» **What the task asks**
A verbatim copy of the lines from the one with "Das Holz hat" through the final line below is required; print it and nothing else.

» **Data section**
• • • • • • •

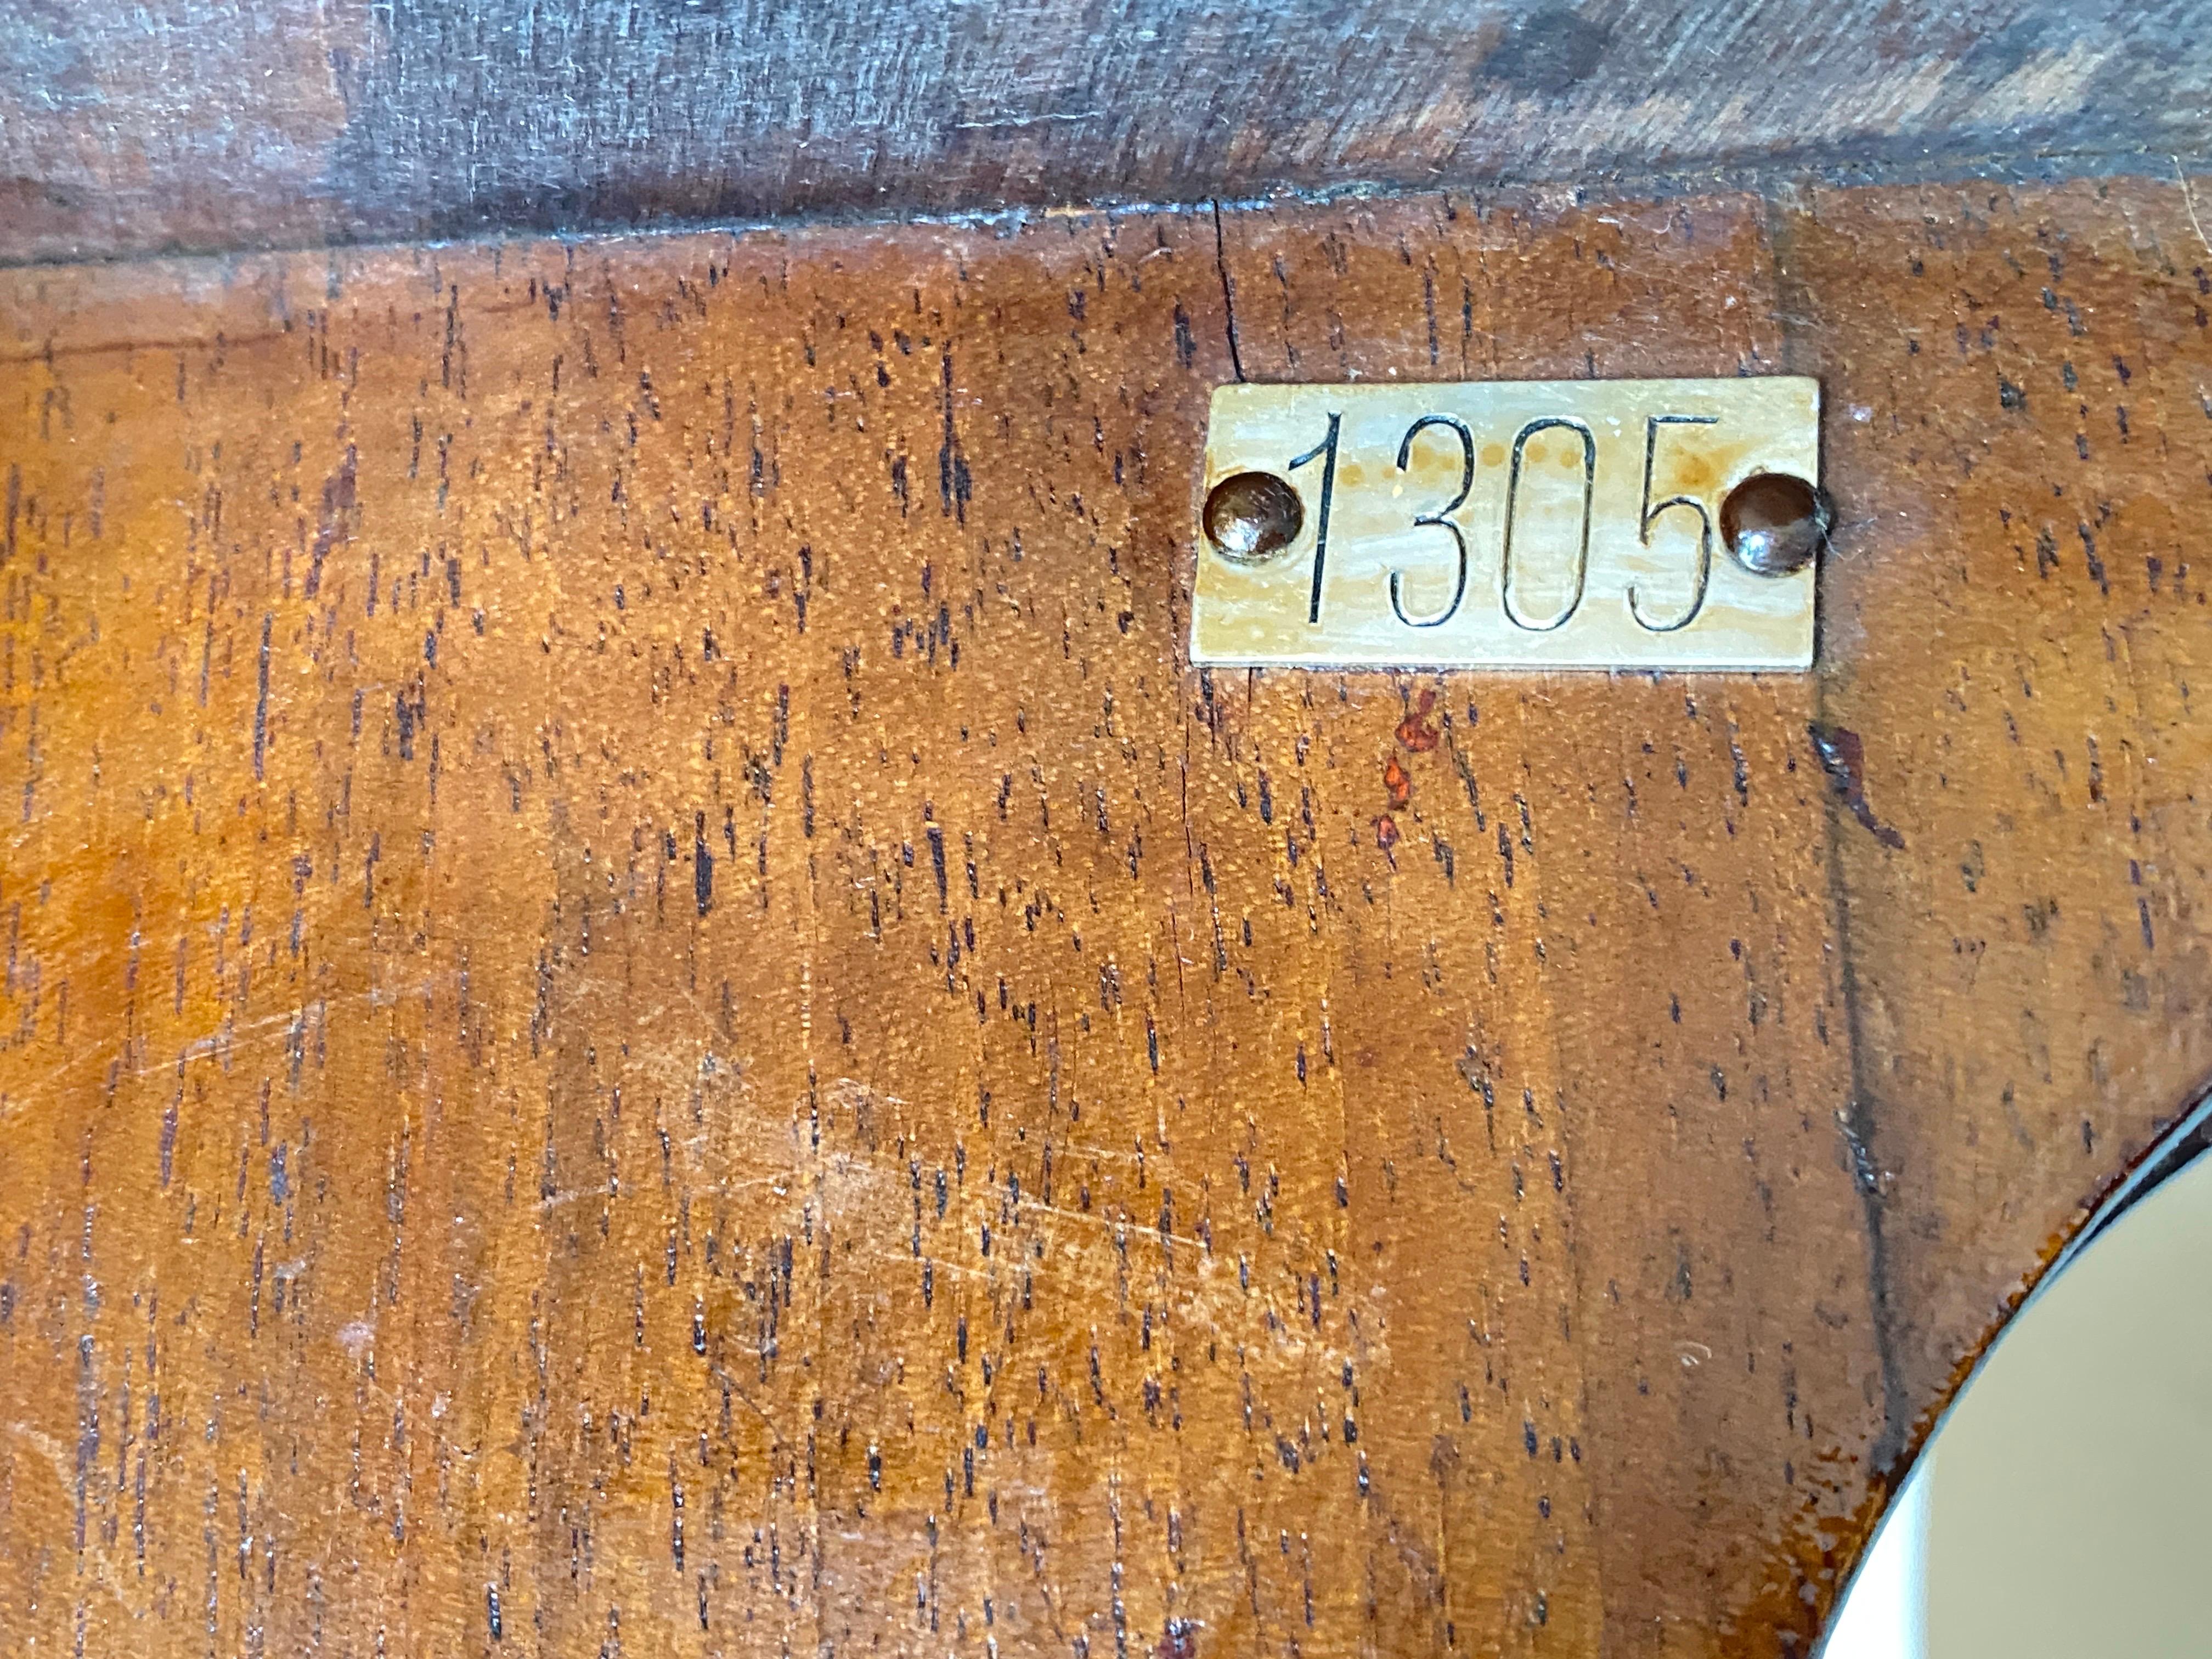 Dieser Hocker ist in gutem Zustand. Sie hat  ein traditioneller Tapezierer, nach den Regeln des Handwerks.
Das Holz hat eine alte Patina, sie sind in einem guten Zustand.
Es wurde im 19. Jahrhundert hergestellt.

• • • • • • •

» **Result**
Das Holz hat eine alte Patina, sie sind in einem guten Zustand.
Es wurde im 19. Jahrhundert hergestellt.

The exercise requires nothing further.